━━━ Extracted data ━━━
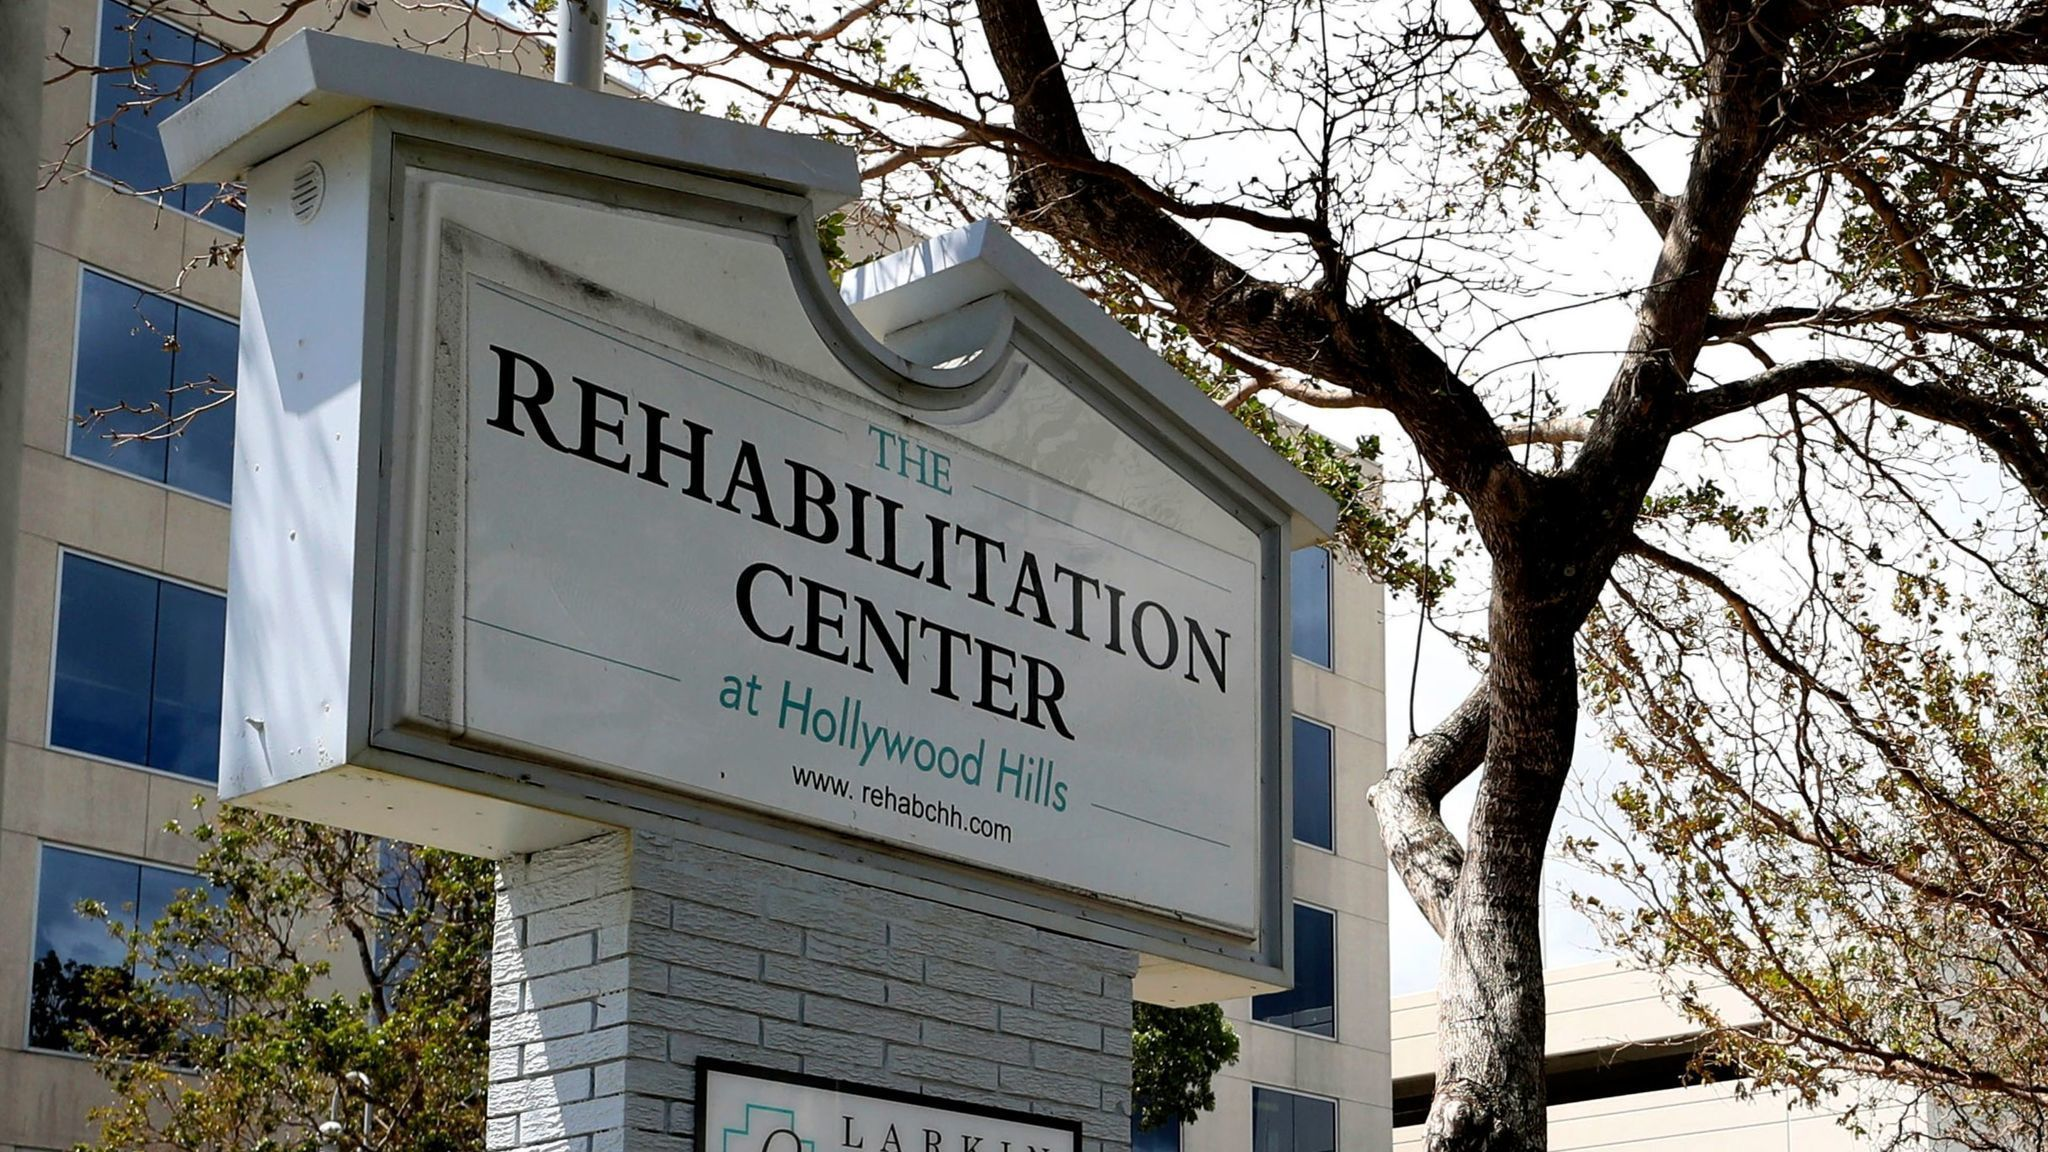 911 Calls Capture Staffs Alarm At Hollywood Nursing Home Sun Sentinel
━━━
━━━ Extracted data ━━━
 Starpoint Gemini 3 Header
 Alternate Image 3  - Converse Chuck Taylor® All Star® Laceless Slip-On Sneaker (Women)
━━━
▶ [The problem]: Given the records above, return exactly the lines starting at the line containing "Starpoint Gemini 3 Header" and ending at the line containing "Alternate Image 3", including both.

▶ [Answer for the task]:
 Starpoint Gemini 3 Header
 Alternate Image 3  - Converse Chuck Taylor® All Star® Laceless Slip-On Sneaker (Women)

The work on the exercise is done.